Assumptions of the Law of Supply
The law of supply is based on the following assumptions:
- Price of other goods remain constant.
- There is no change in technology.
- Prices of production factors remain the same.
- Taxation policy remains unchanged.
- The goals of the producer remain the same.
Important Points about the Law of Supply
- The law of supply states a positive relationship between price and quantity supplied, with other factors remaining constant.
- The law of supply is a qualitative statement, indicating the direction of change in quantity supplied but not the magnitude of change.
- It does not establish any proportional relationship between the change in price and the resulting change in quantity supplied.
- The law is one-sided, as it only explains the effect of change in price on supply and not the effect of change in supply on price.

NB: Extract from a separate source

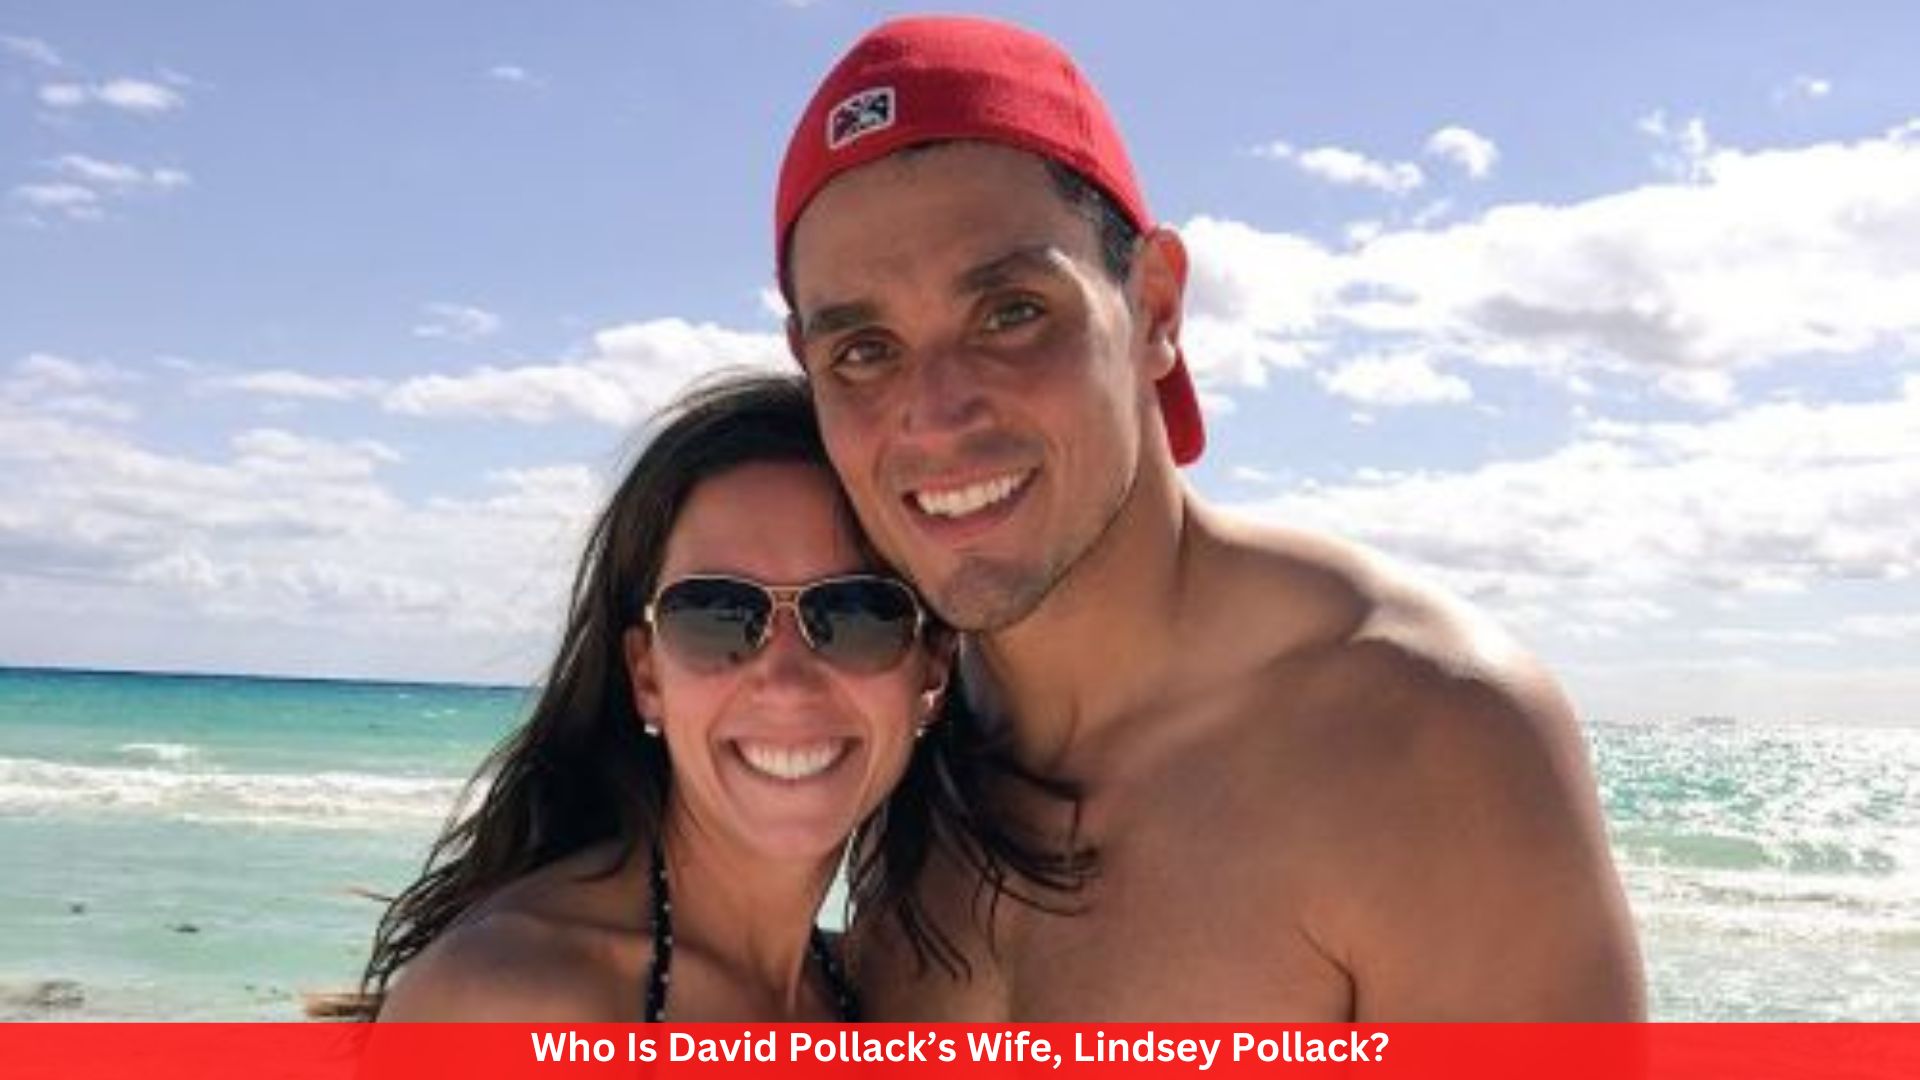 Who Is David Pollack’s Wife, Lindsey Pollack?

Reasons for the Law of Supply
The main reasons for the operation of the law of supply are:
- Profit Motive: The primary goal of producers is to secure maximum profits. With a rise in the price of a commodity, profits increase, and producers increase the supply of the commodity by increasing production. On the other hand, with a fall in price, supply decreases as the profit margin decreases.
- Change in Number of Firms: A rise in price induces prospective producers to enter the market to earn higher profits. An increase in the number of firms raises the market supply. Conversely, as the price starts falling, some firms that do not expect to earn any profit at a low price either stop production or reduce it, reducing the supply of the commodity.
- Change in Stock: With an increase in the price of a good, sellers are willing to supply more goods from their stock. However, at a lower price, producers do not release a large quantity from their stock, instead, they increase their inventories with the expectation that the price may rise in the near future.
Exceptions to the Law of Supply
Although the supply curve generally slopes upwards, showing that the quantity supplied rises with a rise in price, there are certain exceptions to the law of supply. These exceptions include:
- Future Expectations: If sellers expect a fall in price in the future, the law of supply may not hold true. In this situation, sellers will be willing to sell more even at a lower price. Conversely, if they expect the price to rise in the future, they would reduce the supply of the commodity to sell it later at a high price.
- Agricultural Goods: The law of supply does not apply to agricultural goods as their production depends on climatic conditions. If due to unforeseen changes in weather, production of agricultural products is low, their supply cannot be increased even at higher prices.
- Perishable Goods: In the case of perishable goods, such as vegetables and fruits, sellers will be willing to sell more even if the prices are falling. It is because they cannot hold such goods for long.
- Rare Articles: Rare, artistic, and precious articles are also outside the scope of the law of supply. For example, the supply of rare articles like the painting of Mona Lisa cannot be increased, even if their prices increase.
- Backward Countries: In economically backward countries, production and supply cannot be increased with a rise in price due to a shortage.